Well done to your friend, a nice looking buck.


----------



## bones44

Wow ! Awesome buck !!


----------



## youngdon

That's a nice buck for sure SRN... Good to see you back.


----------



## hassell

Congrats., Just awesome.


----------



## screamin6x6

Beautiful buck. Congrats to him.


----------



## saskredneck

Thanks guys. He is pretty excited. Grossed 190. 
Now im going to try and get my wife a nice one to cut her tag on. And maybe if I get time I'll be able to find one for myself.


----------



## Helmet_S

that is a beast of a deer.
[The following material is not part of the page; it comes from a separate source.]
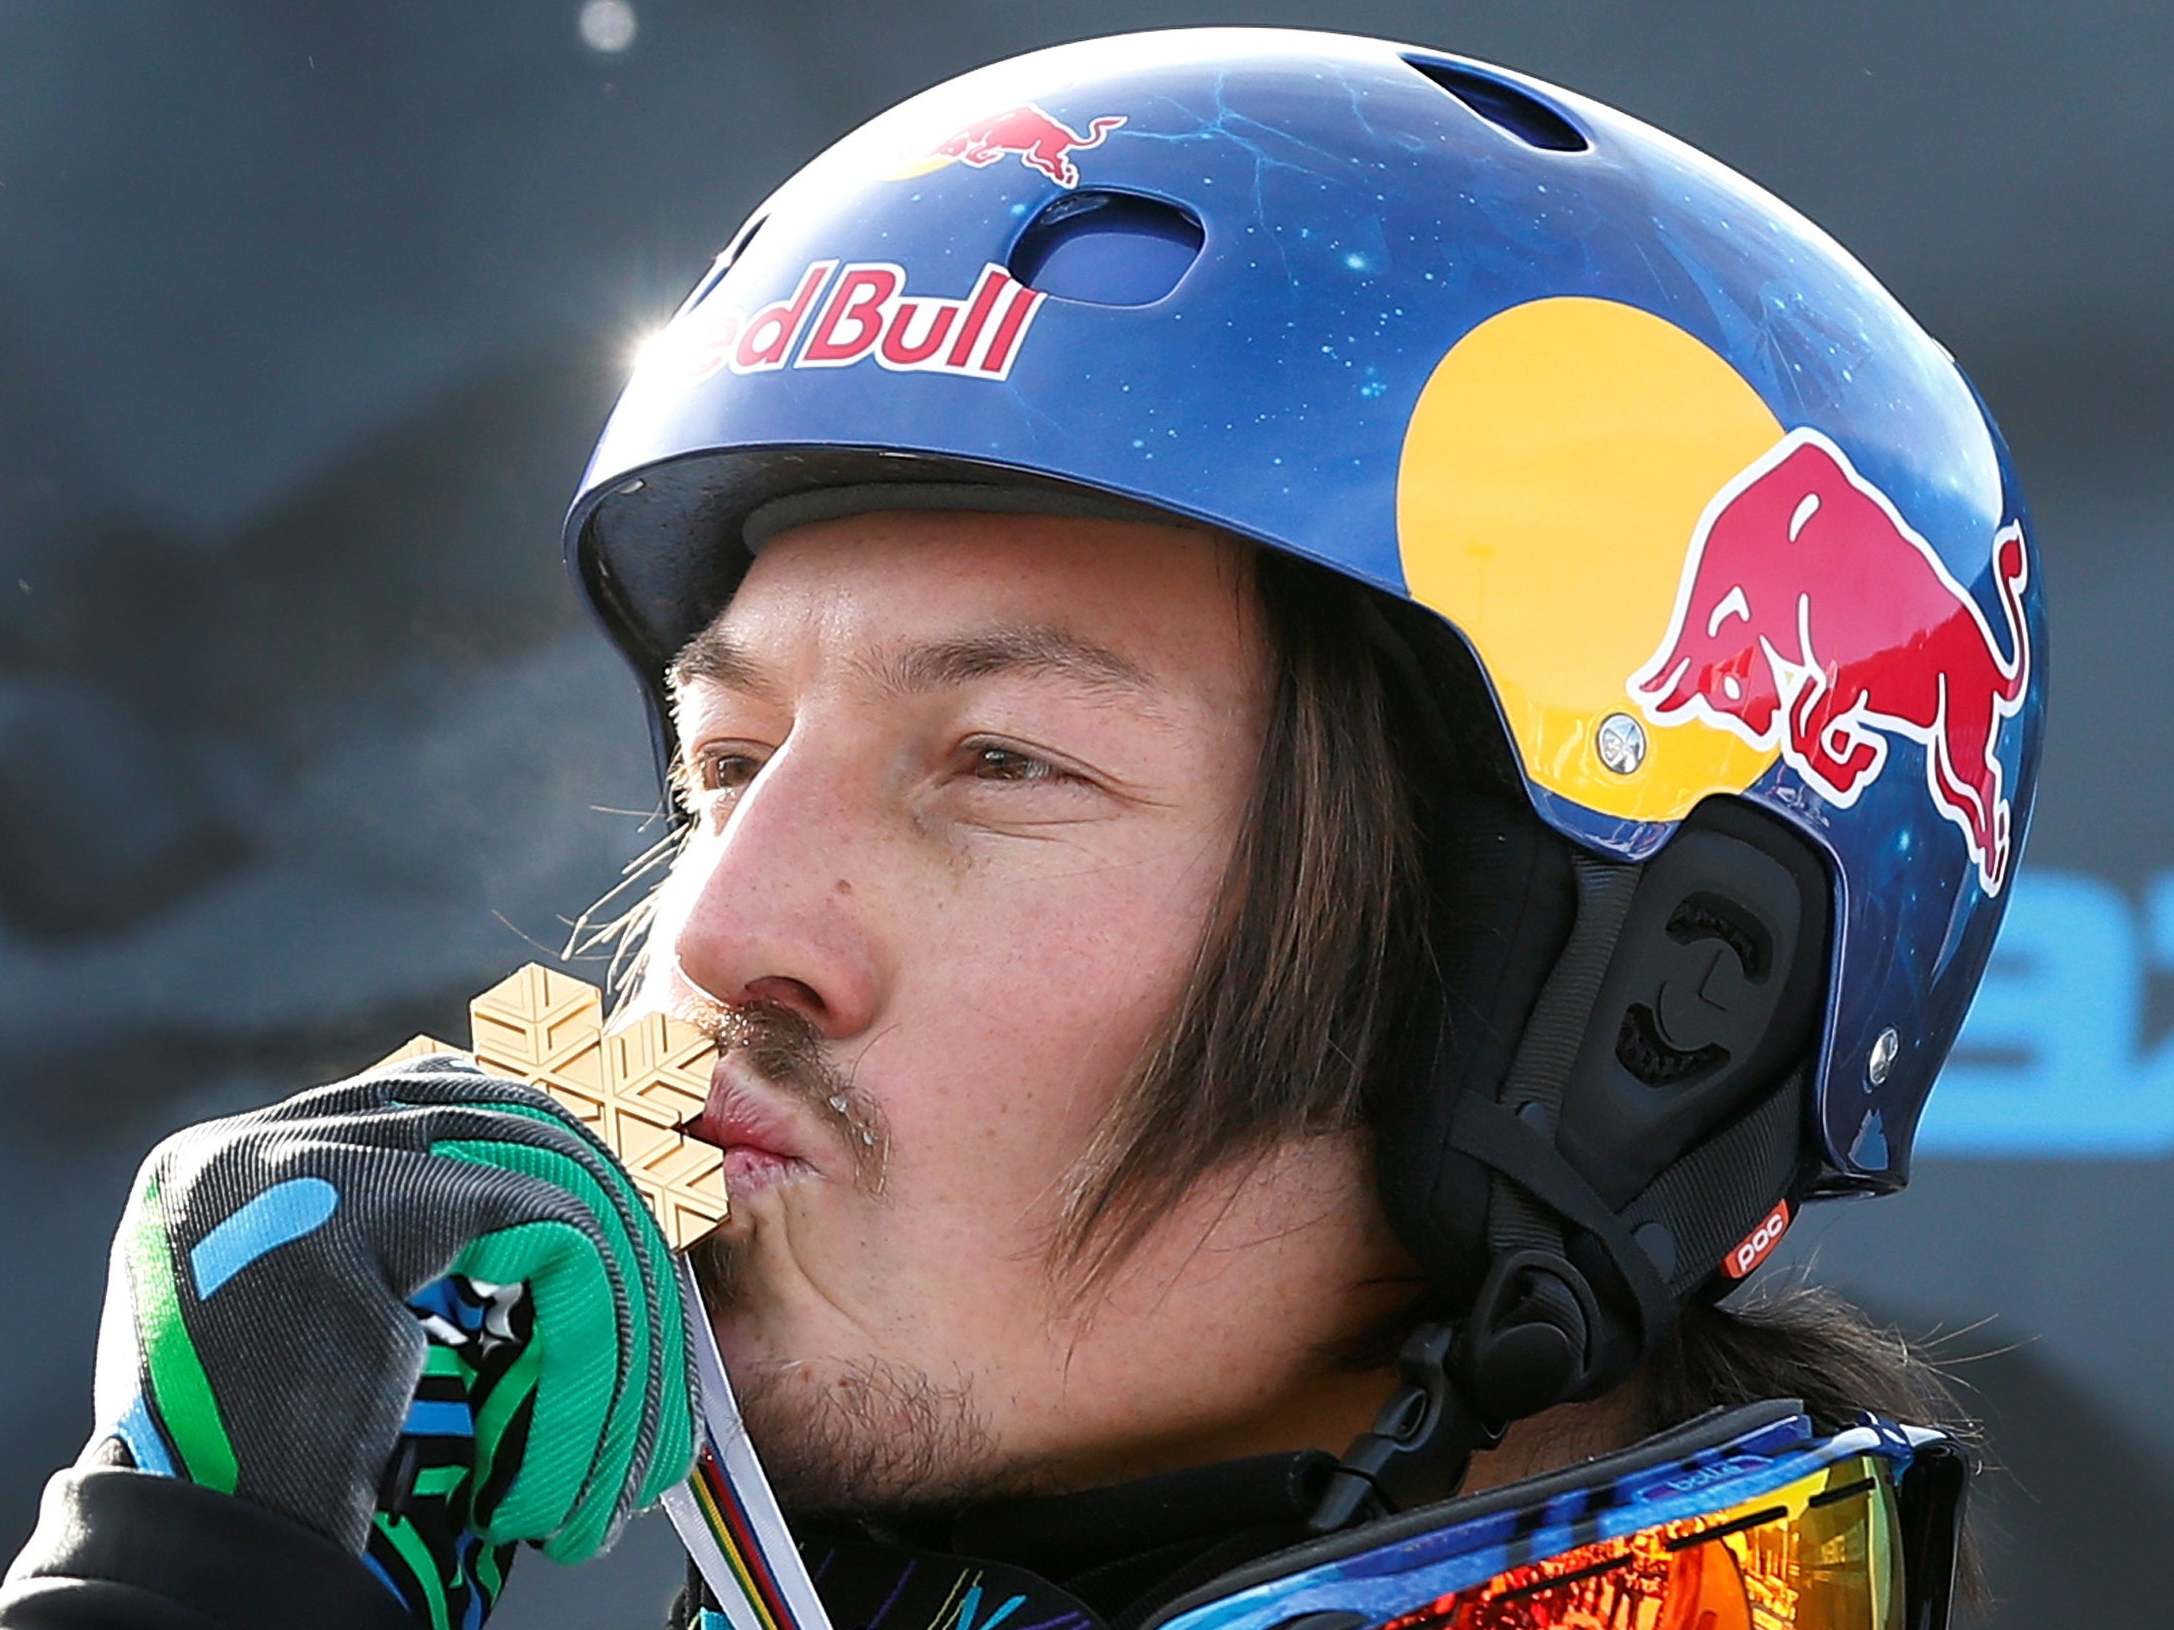 Alex Pullin, two-time snowboard world champion, has died at the age of 32

Congrats to your buddy.


----------



## bar-d

saskredneck said:


> Here's a buck I have been watching for 2 years now and yesterday my buddy connected with him.


Beauty!


----------



## ebbs

It's so wild that the body size of those brutes makes their racks look smaller than they would on a deer from the southern states.


----------



## Axel

WoW!! That's an awesome buck! Congrats


----------



## wvcoyote

what a really great buck congrats.


----------



## showmeyote

Thats a brute


----------



## Laststep

That is one heck of a heavy buck. Man you are afriend to let your buddy take him.
Job well done on your friendspart.


----------



## saskredneck

He had it rough scored the other day and it grossed 190. We had the buck pinned in a little bush and he could only go two ways. We each had a 50% chance at him. This was his first big buck and he deserved it.


----------



## pantherarms99

Man what a buck!!


----------



## knapper

You are a real friend to let him take it!


----------



## ReidRH

saskredneck said:


> Here's a buck I have been watching for 2 years now and yesterday my buddy connected with him.


You Are A Friend Indeed! That is an Awesome Story! This is the Kind of Story We All Need to Tell Everyone About! Not all Hunters are Idiots Regardless of What the Media would have People to believe!

Awesome Buck Man I am Very Pleased Yall had this Opportunity to share this Hunt! Memories of a lifetime!


----------



## saskredneck

Thanks. We're both still smiling. Couldn't be happier.


----------



## SWAMPBUCK10PT

Great Deer You Guys really did good-Congrats to your Buddy-----sb


----------



## Predatorhunter

That is a beautiful buck what a big one. Congrats to your buddy!


----------



## 220swift

Congrats to you and your buddy. Great buck. Gotta love them drop tines.


----------



## oneshotcowboy

great lookin buck


----------



## All-Around-Outdoorsman

He is an absolute monster well done!!!


----------



## Fitz

Wow that's a big'ol bruiser! Good job at findin him and lettin your buddy take him on top of that!


----------



## Antlerz22

Theres the proof that steroids are in the ground in Saskatchewan. I knew it!!

JK--LOL nice bruiser!!


----------